Mayor steps in to help locked-out Perry Barr market traders

Getty Images Andy StreetGetty Images
Andy Street said he had written to shopping centre owners to try to help the traders who complained they faced a wall of silence over their futures

The mayor of the West Midlands has sought the assistance of a shopping centre's owners in a bid to aid traders fearing for their livelihoods after being locked out of a market hall.

Stallholders at Market Village, based at the One Stop centre in Perry Barr, Birmingham, have been unable to access the hall since 12 January.

Andy Street said he did not want to see businesses suffer at a difficult time.

But traders have said they can get no answer from market hall operator Perry Barr Market Properties Limited, which went out of business, leaving them just hours, they said earlier this month, to vacate the site.

Mr Street, Conservative, said he had written to the owners of One Stop to see whether they could find a "sensible short-term arrangement" to keep the independent market traders going.

"The traders have said to me 'this isn't right, we've not done anything wrong, we're solvent businesses'," the mayor told BBC Radio WM.

"I don't want to see any business go under, particularly at this difficult time."

Stallholders at market village
Stallholders have been unable to access their goods at Market Village for nearly two weeks

Mr Street said he would follow up on the letter to try to find an "absolute solution", adding he had also been speaking to Labour's Birmingham Perry Barr MP, Khalid Mahmood.

"For people who come to the shopping centre, they love the market element of it, so let's find a way of coming together with a common sense solution to keep that market," Mr Street said.

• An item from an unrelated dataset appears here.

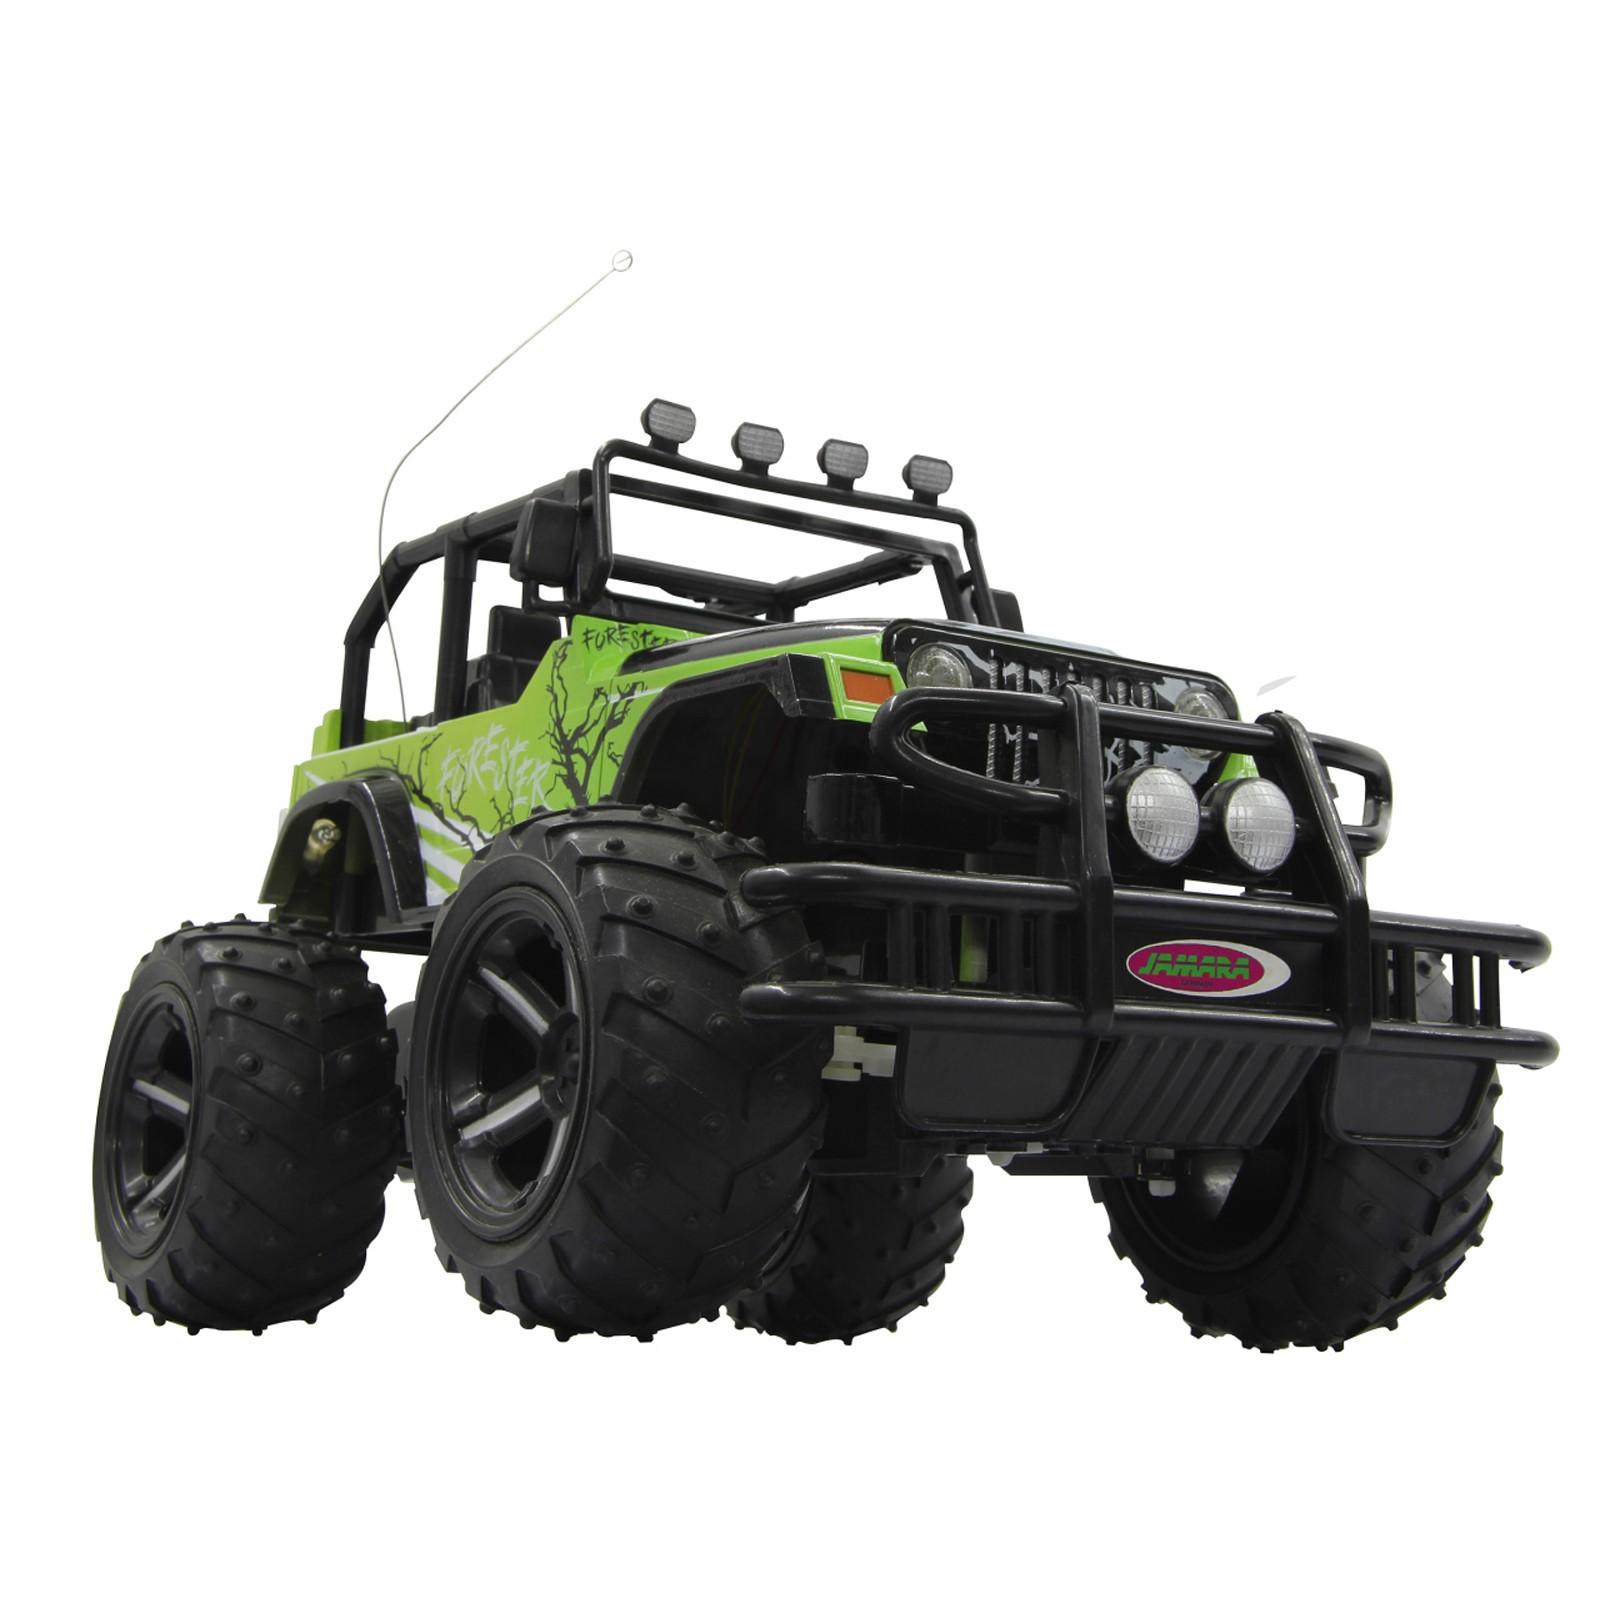 Ferngesteuerter Geländewagen Maßstab 1:12, mit LED, Einzelradaufhängung
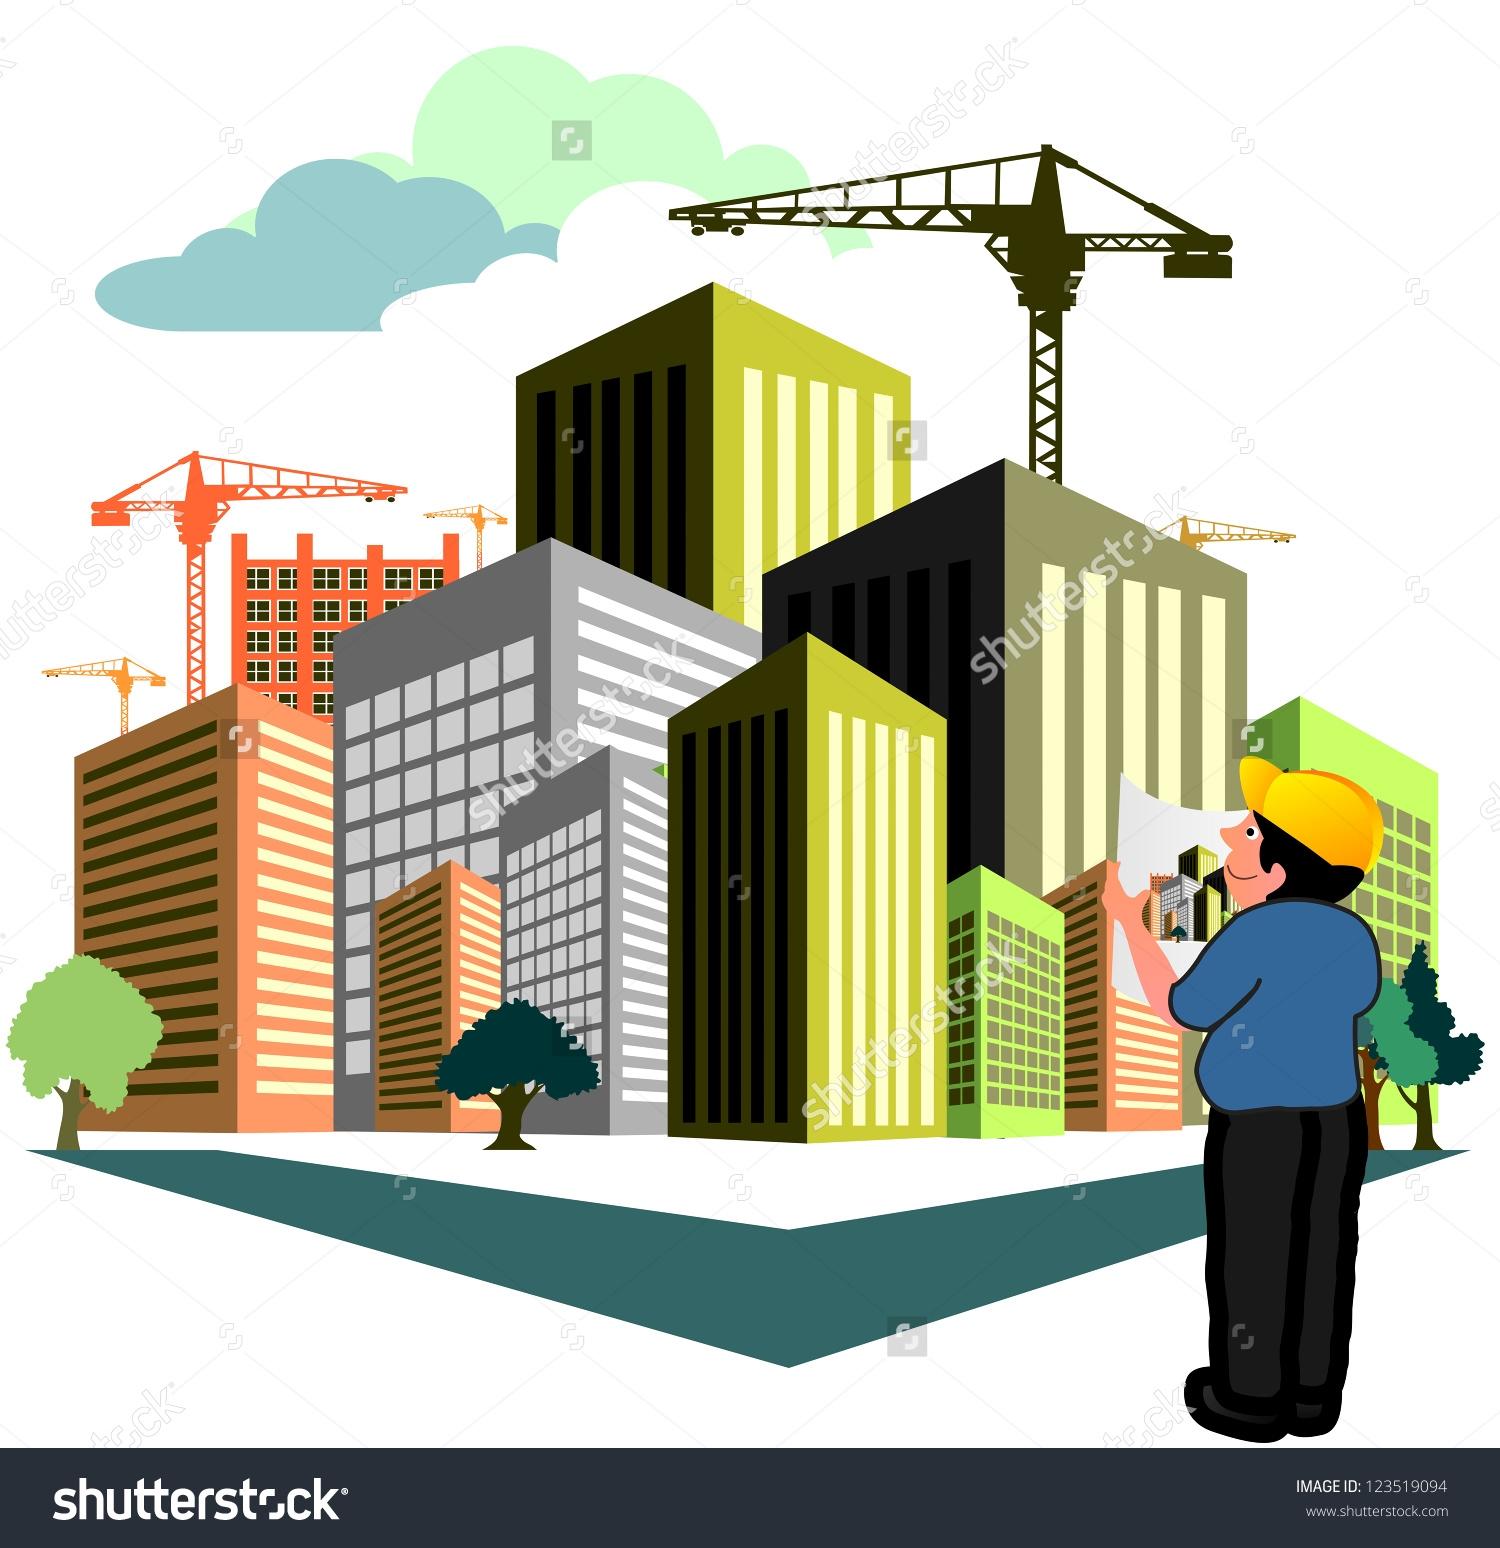 Buildings clipart construction. Building download clip art

Perry Barr Market Properties Limited has appointed administrators Cowgills to help place it into voluntary liquidation, with a proposed date of 15 February.

Dal Bains
Dal Bains and his wife have both been working at the Market Village for 17 years

Dal Bains, who runs Second Skin Clothing, said he and his wife had been working at Market Village for 17 years.

He described the situation as a "nightmare", adding they both had "no income coming in" when they needed to pay for their mortgage.

"While [the market] has been closed, we've had nothing, not a penny come through in the last week and a half," he said.

"The more people help us, the better," he added of Mr Street's gesture. "Everybody does want to get it open, it's just a matter of time."